Today, a bipartisan bill earmarked to expand broadband internet to rural areas is scheduled for a Senate hearing in an attempt to gain approval from the Federal Communications Commission (FCC) to modernize the Universal Service Fund.
“We’re connecting every house in America to affordable, high-speed internet, including all of our rural communities. Strengthening the Universal Service Fund will help us expand reliable internet access to those rural communities faster,” said Senator Kichenlooper.
The Reforming Broadband Connectivity Act was introduced two years ago by Senators Amy Klobuchar, John Thune, John Hickenlooper, and Jerry Moran. The bill has gained support in the House and Senate after being resubmitted to the legislation late last March by Representatives Lizzie Fletcher and Angie Craig as well as Congressman Joe Neguse.

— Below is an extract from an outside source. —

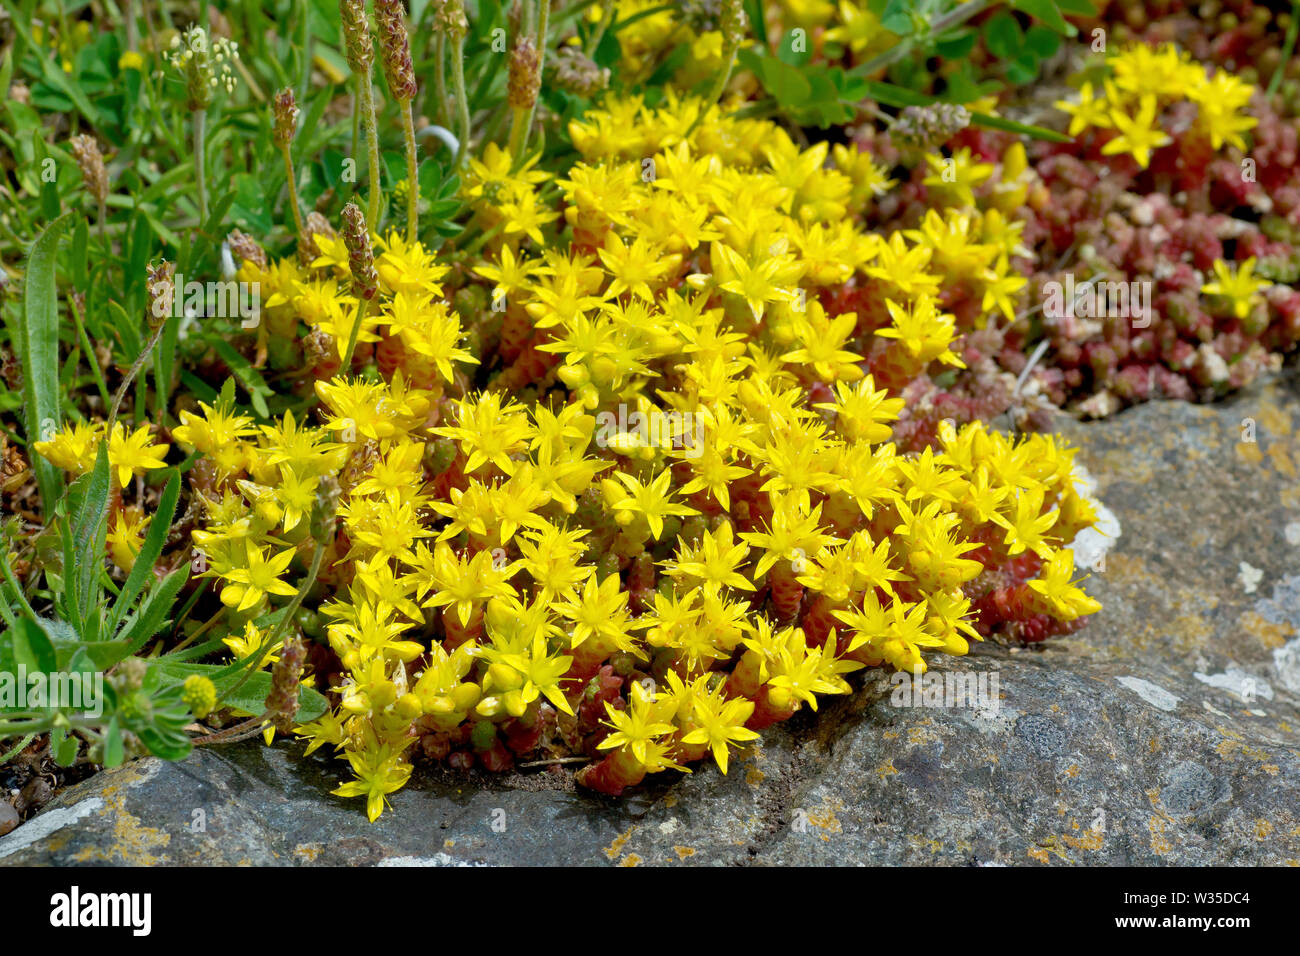 Biting Stonecrop Or Wallpepper Sedum Acre Close Up Of A Mat Of Flowers Creeping Across A Rocky Surface Stock Photo Alamy

“In 2023, we should be able to bring high-speed internet to every family in America — regardless of their zip code. Our bipartisan legislation will ensure we have the resources in place to continue expanding access to broadband while relieving the burden of fees on consumers, especially our seniors. As co-chair of the Senate Broadband Caucus, I’ll keep fighting to close the digital divide and help all Minnesotans reliably access the high-speed internet they need,” says Senator Klobuchar.
Seniors were especially affected by the current Universal Service Fund guidelines as telecommunication companies can offset costs by charging additional landline fees. Younger generations tend to only have mobile phones, so changing these outdated guidelines to factor in budget-conscious seniors while also incorporating new funding protocols for broadband coverage will keep the Universal Service Fund from running out of money. Internet providers could be seeing former long-distance calls and landline fees redirected to them.
Sources state the bill’s co-sponsor Senator Jerry Moran says, “Anything that is effective in advancing the spread of broadband availability has broad support in the committee.”
While a similar bill in 2021 failed to gain traction in the Senate, this time around it seems likely to pass approval hearings.